Het nieuwe Hoogeschoolprogramma
door Prof. Dr. J. Vercoullie, werkend lid
Er is, zooals u wellicht bekend, een nieuw Hoogeschoolprogramma in de maak. Het komt na 37 jaar niet te vroeg. Het is ontworpen door Minister P. Nolf en, als ik het wel heb, reeds door den Senaat aangenomen. Maar Minister C. Huysmans schijnt een ander ontwerp in zijn portefeuille te hebben, zoodat alles weer van voren af aan te beginnen is.
Voor velen tegenwoordig, en ik reken me daar ook bij, moet een hoogeschoolprogramma steunen op de grondstelling van de vrije studiën, wel niet voor de candidatuur maar toch voor het doctoraat.
Dat is in Duitschland en Engeland altijd zoo geweest, en is, sedert het nieuwe statuut, in Nederland nu ook zoo. In Frankri daarentegen, het classieke land van de administratieve reglementeering, is alles tot in de puntjes vastgesteld.

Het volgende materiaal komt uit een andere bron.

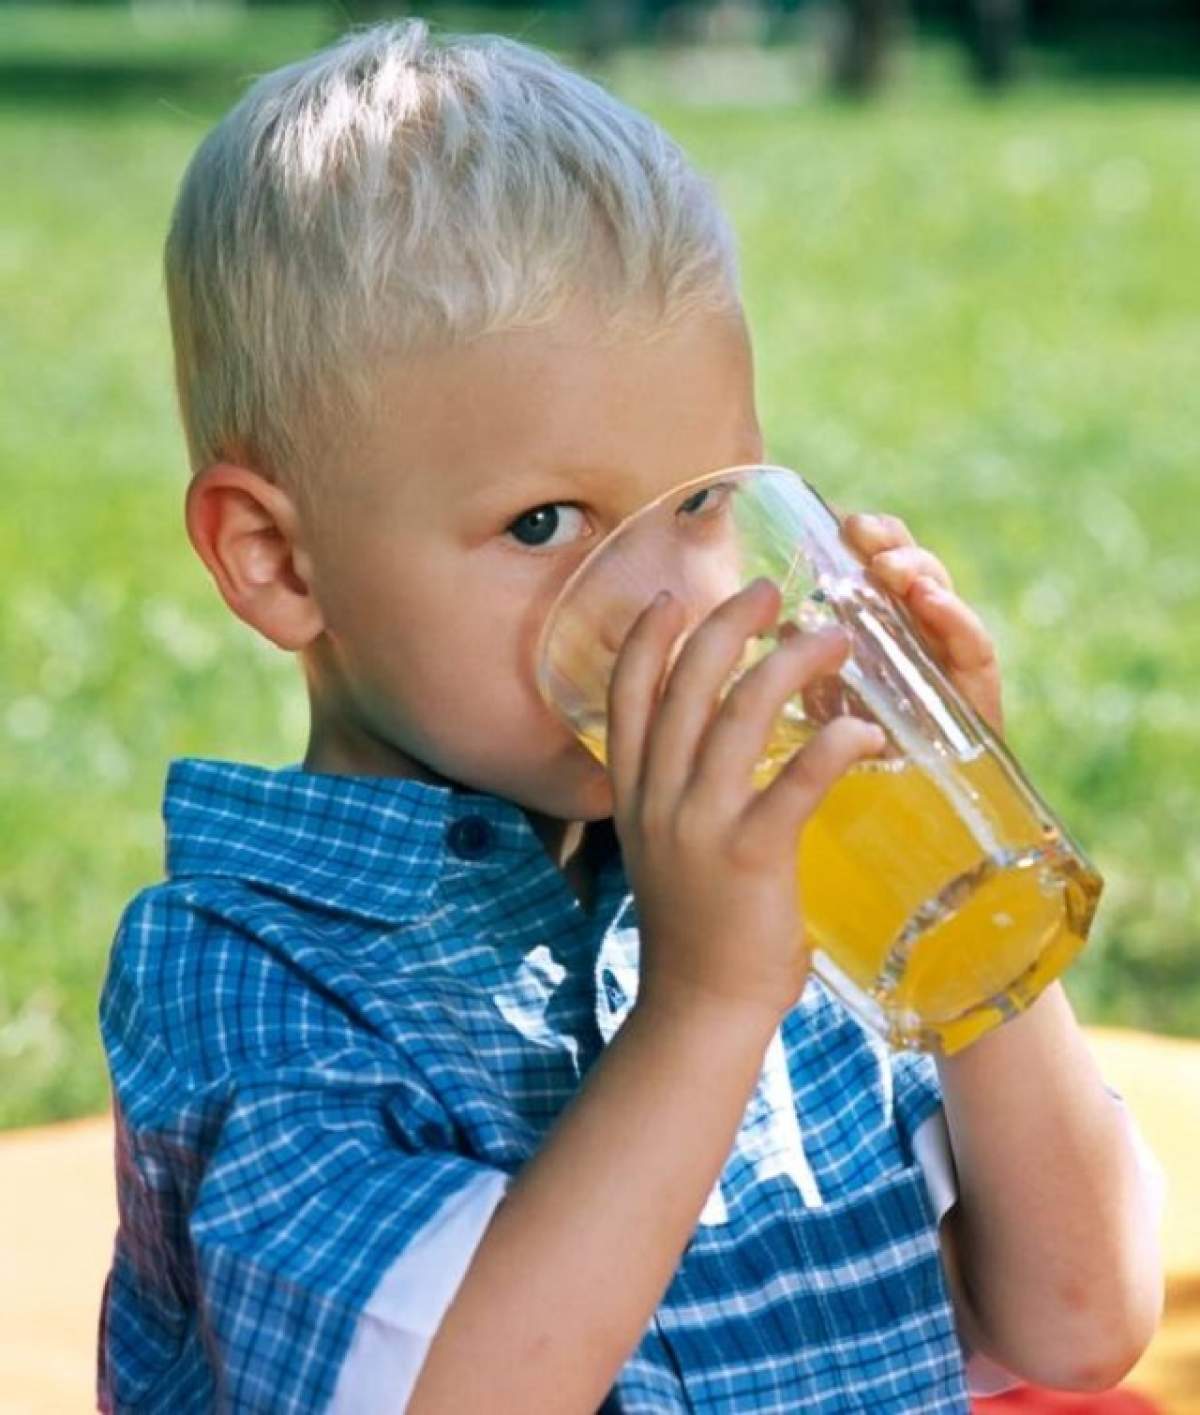 Sucurile "naturale" pentru copii, adevărate bombe chimice! Ce boli grave provoacă banalele băuturi răcoritoare
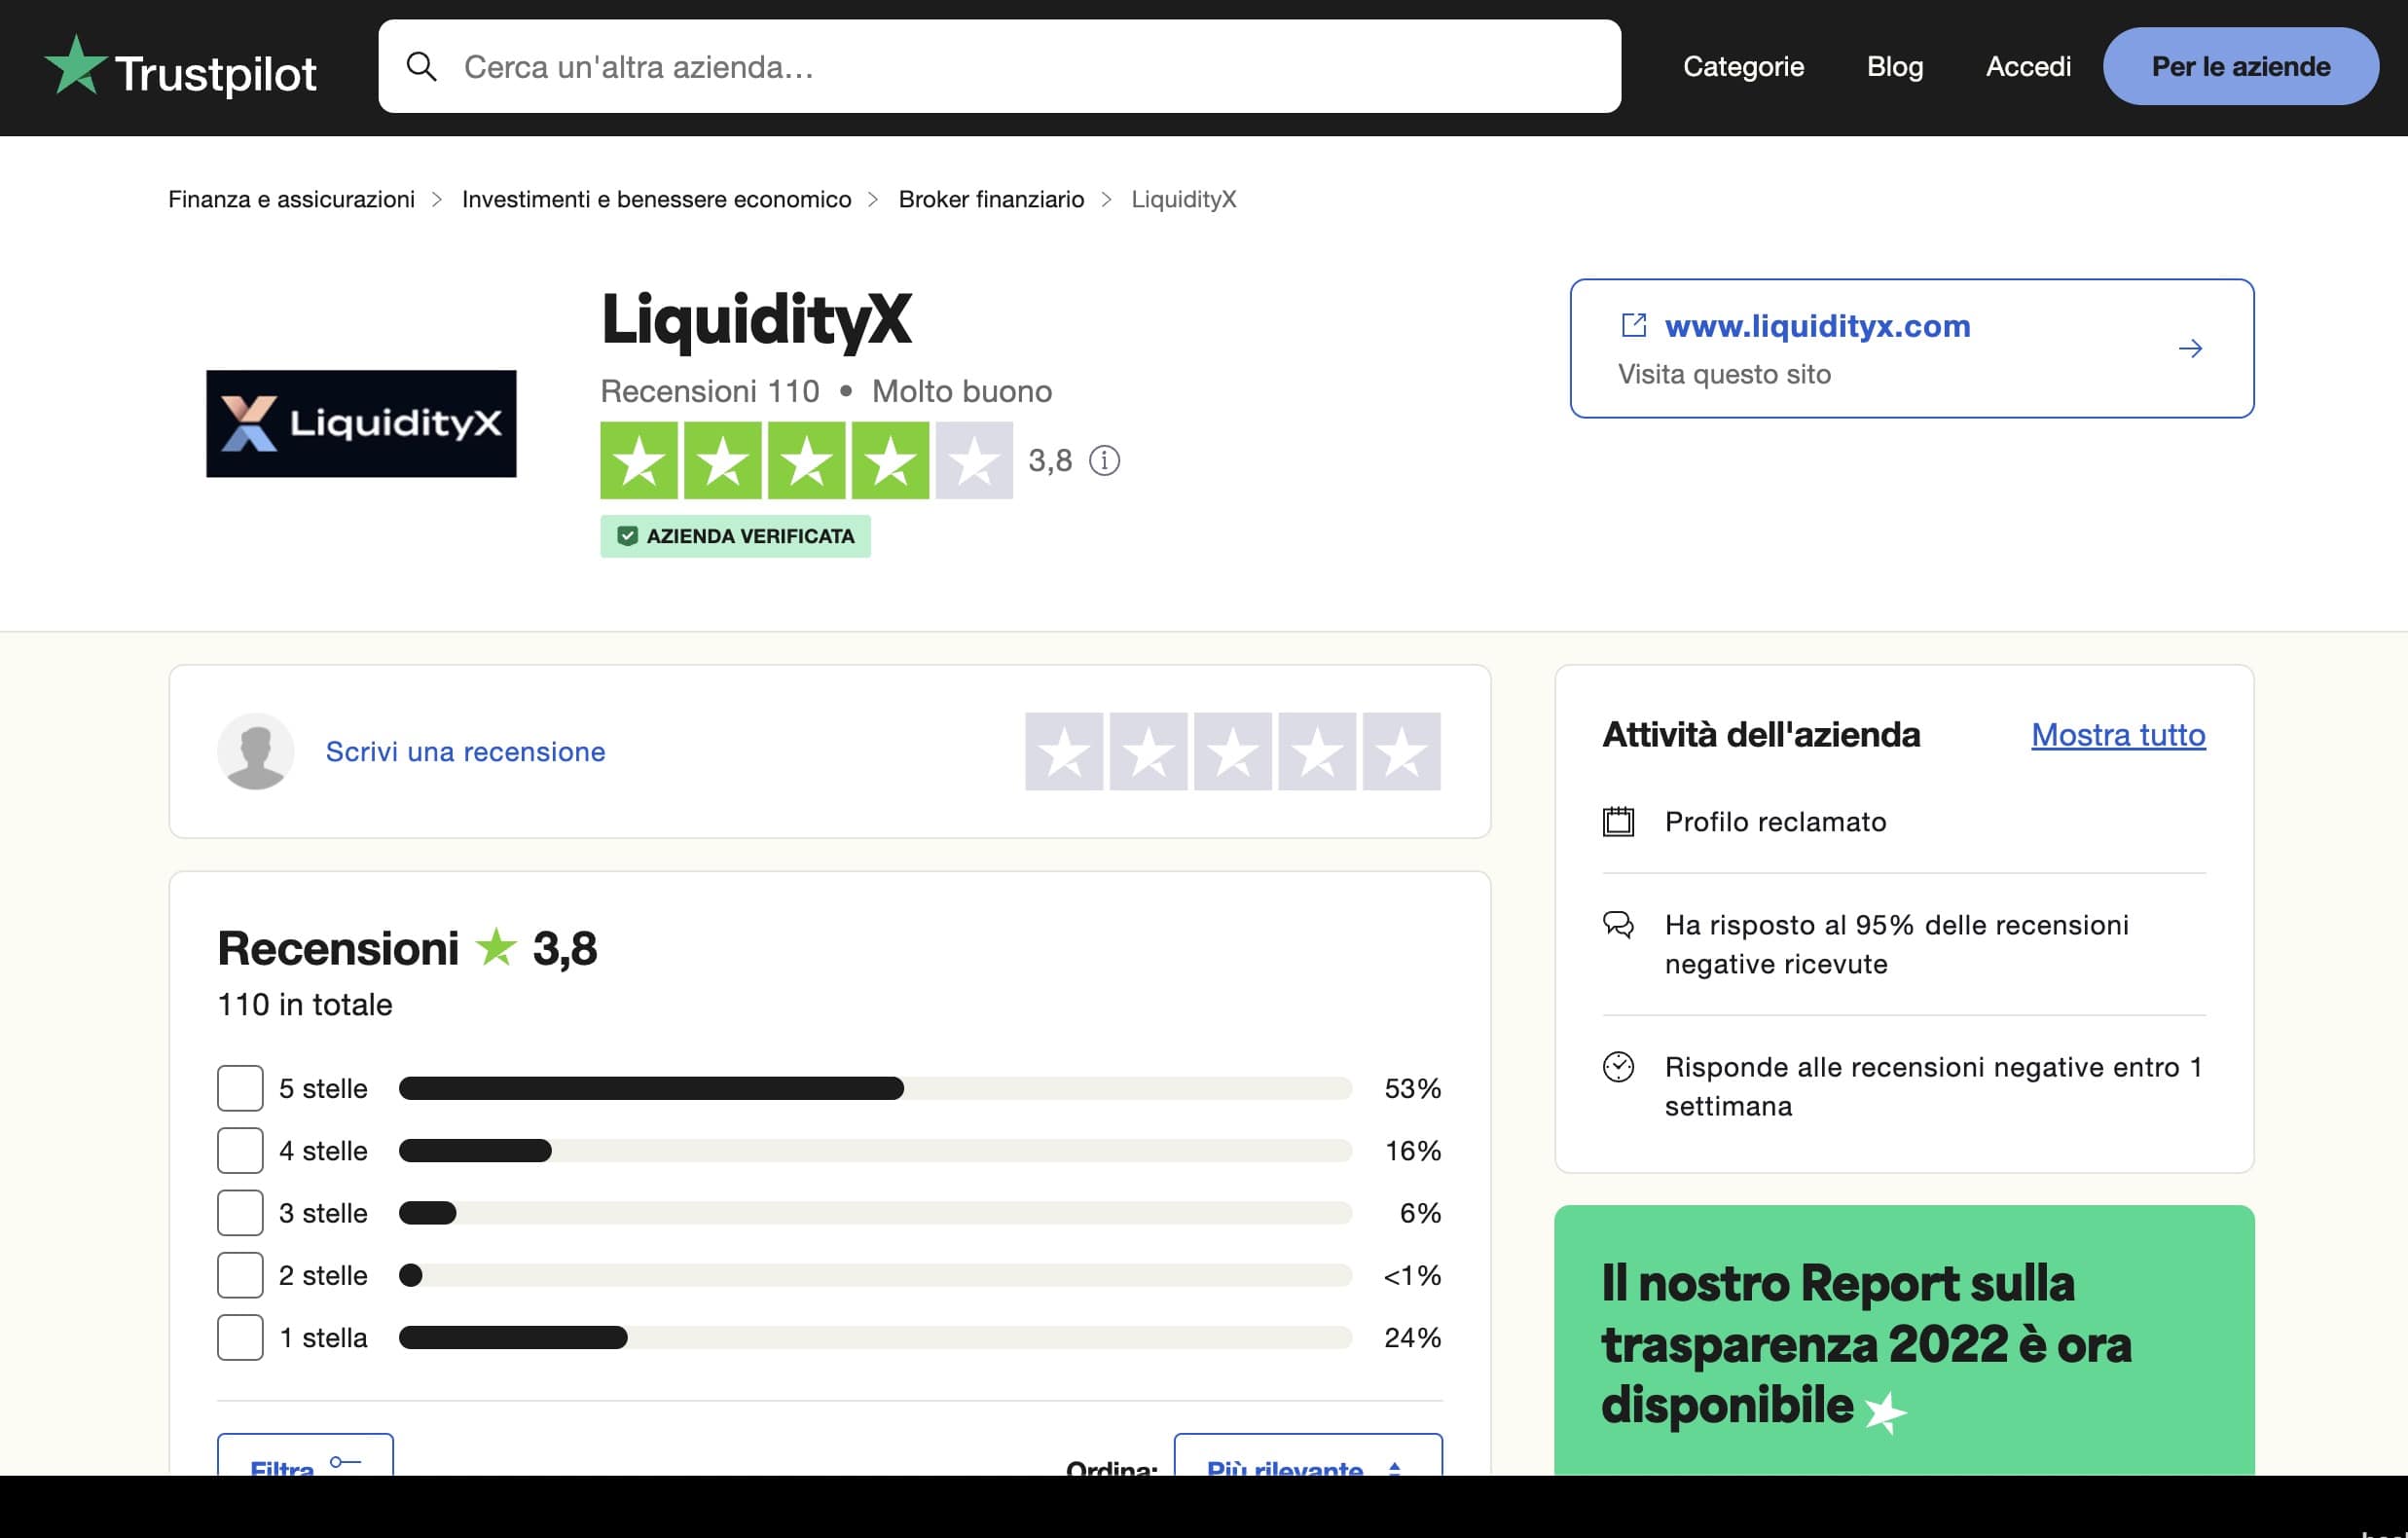 LiquidityX Trustpilot

In de candidatuur, waar aan de studenten de nieuwe weg moet gewezen worden dien ze opgaan, moet er een vast programma zijn, maar in de fac. van wijsbegeerte hebben ze veel te veel lesuren, vaak om te komen luisteren naar handboeken die zich zelf opzeggen. Men late hen die handboeken zelf bestudeeren, en men bespreke met hen den inhoud er van of hoe ze ontstaan zijn.

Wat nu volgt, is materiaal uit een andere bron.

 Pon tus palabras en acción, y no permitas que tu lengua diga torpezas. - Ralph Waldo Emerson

In het doctoraat moeten ze meer gelegenheid hebben om hun neigingen te volgen, en meer vrijen tijd voor eigen studie.
Het ontwerp Nolf beantwoordt aan die opvattingen niet. Het brengt een verzwaarde reglementeering. In het doctoraat blijven een reeks verplichtende vakken; wel heeft in sommige gevallen de student een vrije keus, maar wat is een keus van 4 vakken onder zes aangeduide anders dan een vermomde dwang.
Het stelsel Huysmans voldoet mij nog minder.
Het zou de programma's door de Universiteiten laten opmaken. Nu er zoo vele specialisten zijn, ieder met een klein leergangetje, en hun eigenliefde meebrengt dat ze willen dat hun leergang gevolgd wordt, zou het programma opgemaakt worden naar een spelletje van geven en nemen, waarbij de student het kind van de rekening zou zijn.